For 50 years, daily freight trains pulled up along the south side of the building and dropped coal into a basement pit. From there, it was carried by a system of conveyors up three stories before being portioned into 100-ton capacity hoppers located over the boilers. The boilers generated superheated steam, which was used to produce electricity and to heat the other campus buildings, which housed Sears’ corporate and mail-order operations.
In the 1970s, a shift was made to gas- and oil-fueled boilers. But the new equipment—when not a direct replacement—was placed in and around the old, creating a historic record of power generation in the 20th century. The Sears complex was added to the National Register of Historic Places in 1978. Nonetheless, many of the buildings on the campus were demolished.
The powerhouse was officially mothballed in 2002, though some equipment was still called upon to provide hot water until the renovation began in 2006.

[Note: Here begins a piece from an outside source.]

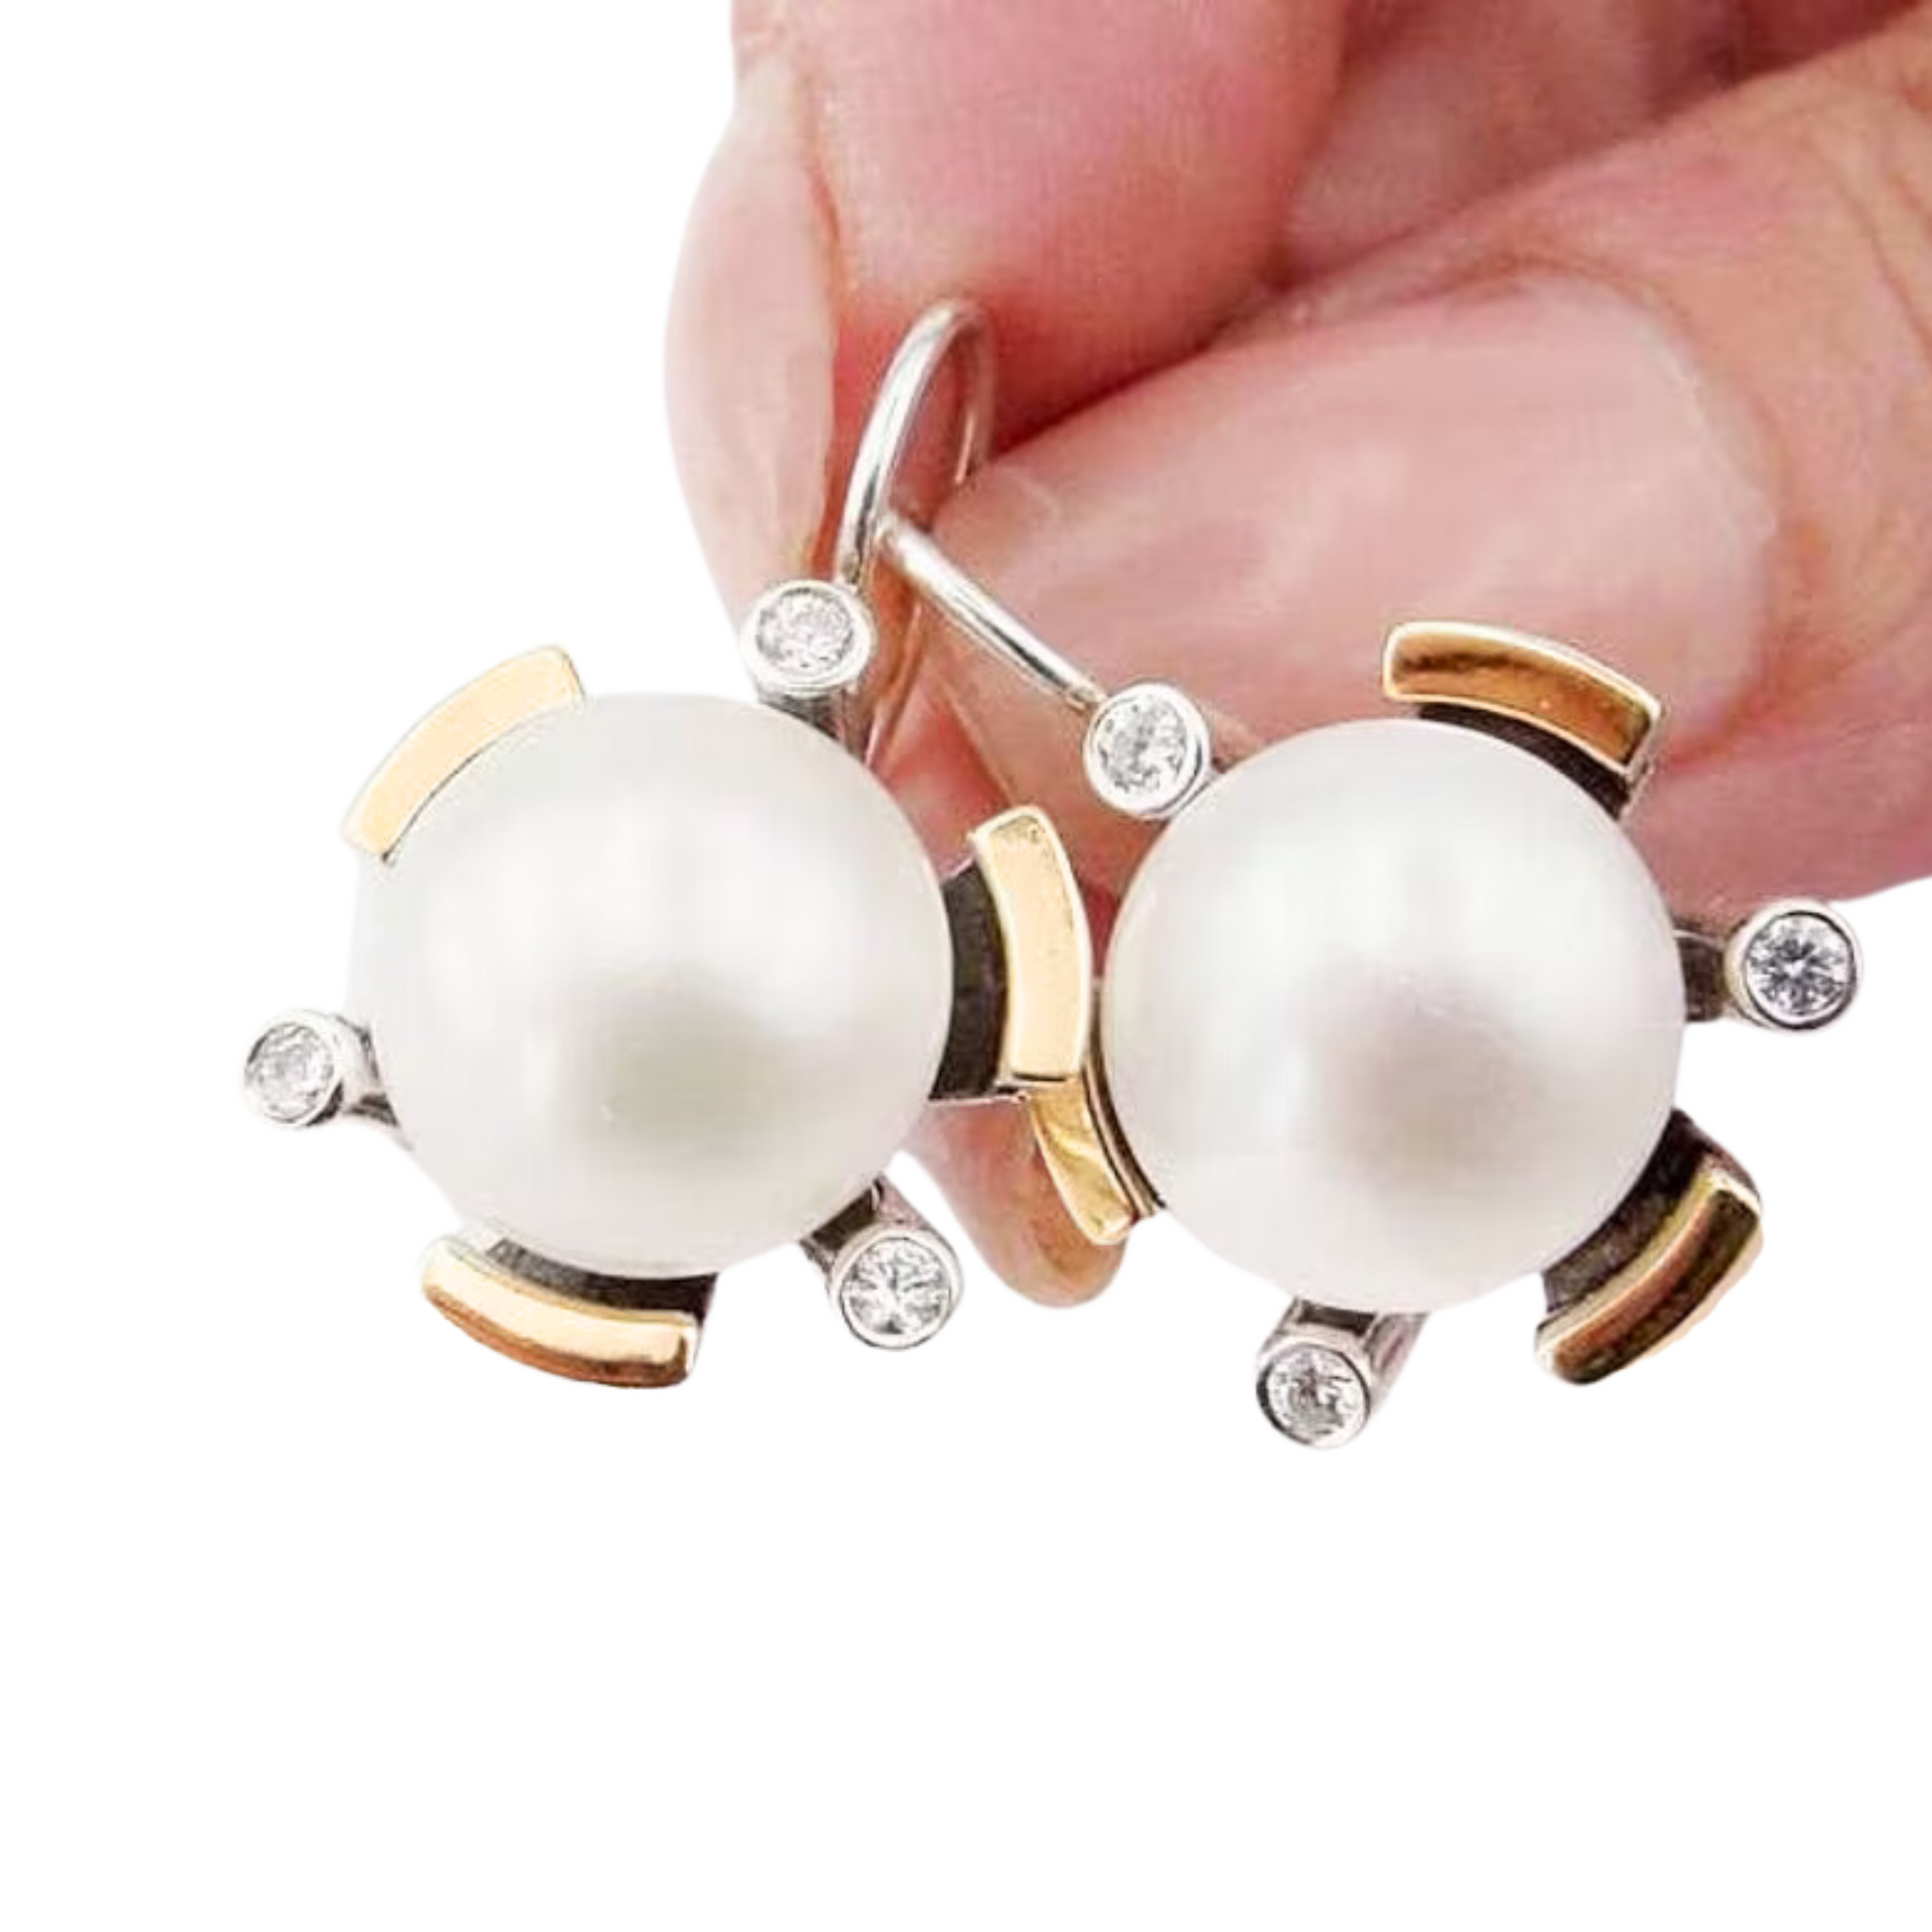 Pearl Earrings, Big Pearl Earrings with Zircon and Gold inlaid in Sterling Silver

In 2005, when Farr Associates took on the project, firm principal Jonathan Boyer says, “We had experience with schools, sustainability, and historic preservation, so the idea was to use this [expertise] to create an environment that could be used as a didactic teaching tool.” The goal was to create a LEED Platinum high school replete with modern technologies, while restoring the original structure and some of the machinery to preserve a sense of the building’s past. The budget was tight: $40 million in total, amassed by a unique mix of historic and new market tax credits and private fundraising.
But before the renovation could begin, an extensive interior demolition process was necessary. To see how much could be preserved, the architects climbed what Boyer describes as a series of “Piranesi-like catwalks,” examining beams and bearing walls for structural stability. Despite their best efforts, surprises emerged throughout the construction process. Upon removing the coal bins, for instance, they discovered that beams deemed more than sufficient to support infill floors had in fact been eroded by sulfur. And toxic materials necessitated extensive remediation.

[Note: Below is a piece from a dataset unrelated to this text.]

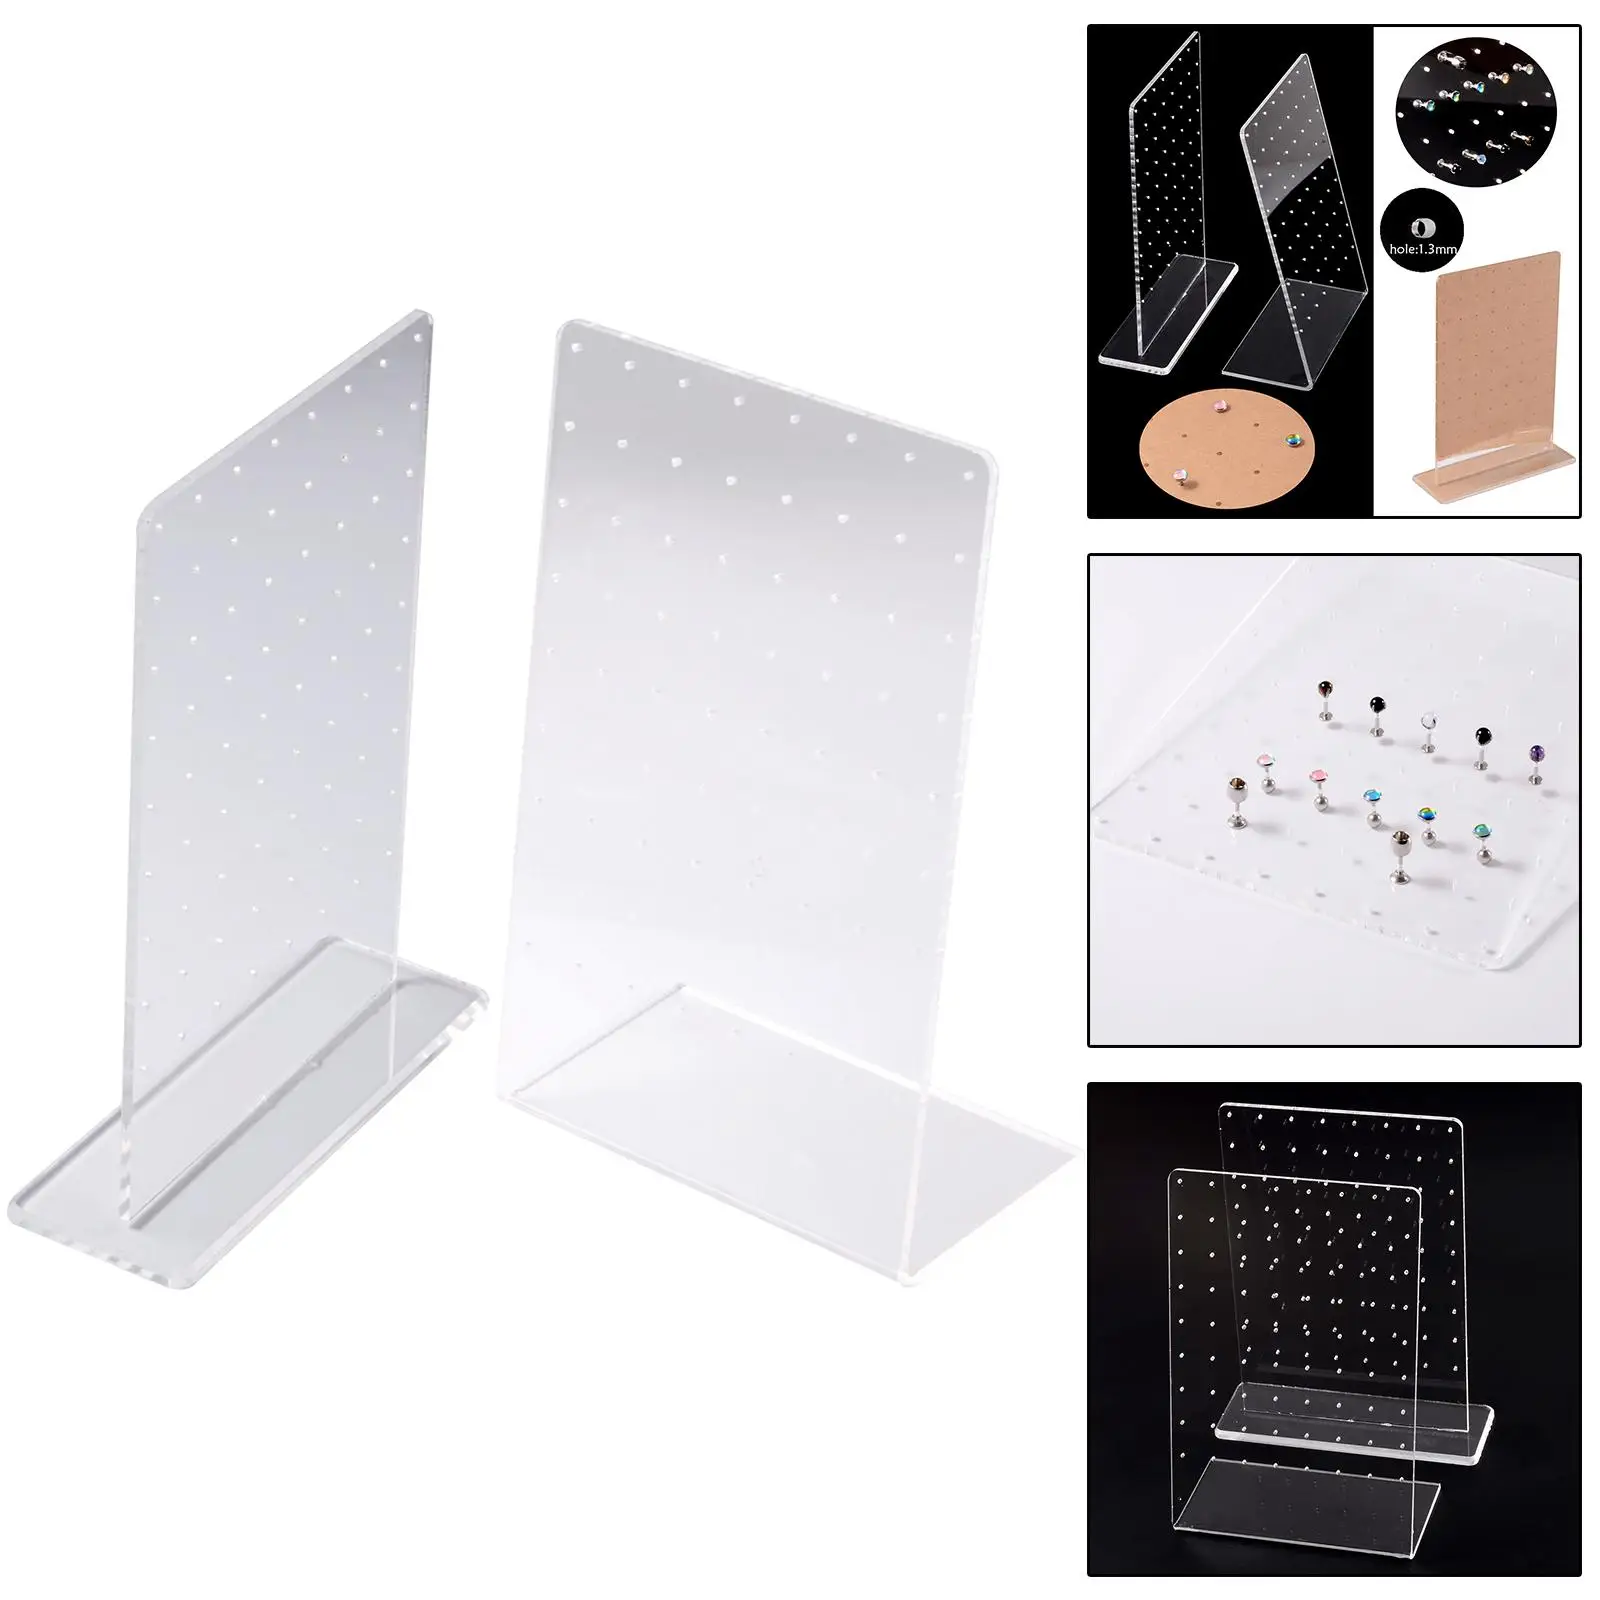 Acrylic Earrings Display Stand Necklace Ear Studs Jewelry Pendant Gift Clear Board Case Rack for Photography Retail Storage Shop

When the building opened three years later, in time for the 2009 school year, all signs of the epic design and demolition process had been erased. Today, students enter into the restored great hall, which still retains its glazed brick and much of the original floor tile. Anything too damaged to be retained was replaced with in-kind materials. The space is now used for assemblies and as a cafeteria; a mezzanine houses a teachers lounge.
From the hall, doorways cut through the original thick brick dividing wall and into the classroom wing, once home to the plant’s massive boilers. What was once a 75-foot-high space laced with catwalks and open metalwork stairs has been subdivided into three floors to accommodate lab spaces and classrooms. These rooms still show signs of the building’s original purpose—one has a preserved section of conveyor, and others, the trapezoidal bases of the coal hoppers. “Every space has a different morphology and different historic elements,” Boyer notes. “That uniqueness is what gets you interested in the space.”

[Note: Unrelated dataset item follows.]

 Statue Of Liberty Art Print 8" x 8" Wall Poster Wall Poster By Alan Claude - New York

The biggest structural move in the project was one that no one foresaw. The fire department decided mid-build that the slope of the access road was too steep for fire engines to navigate (cutting off code-required access), so the architects devised a massive system of steel catwalks and stairs on the building’s south side, hung off of the original structural frame and accessible from every classroom. The system doubles as a shading device.
Other green measures include a field of 84 350-foot-deep geothermal wells, a rainwater retention garden, and a green roof. The architects submitted enough credits to achieve LEED Platinum, and the final rating will be handed down in the coming months.
To some locals, “the reason the school is exciting is because of everything else that’s already here,” says Kristin Dean, president of the Homan Square Community Center Foundation. She refers to the adjacent Homan Square development, begun by developer Charles Shaw in 1988 as part of a three-pronged approach to the revitalization North Lawndale—provide safe, affordable housing; provide jobs; and provide community services. Homan Square offers 300-plus housing units and a community center that opened in 2001. “It’s truly mixed income housing,” says Dean. “People who have Section 8 vouchers and a partner in a law firm live in the same block.”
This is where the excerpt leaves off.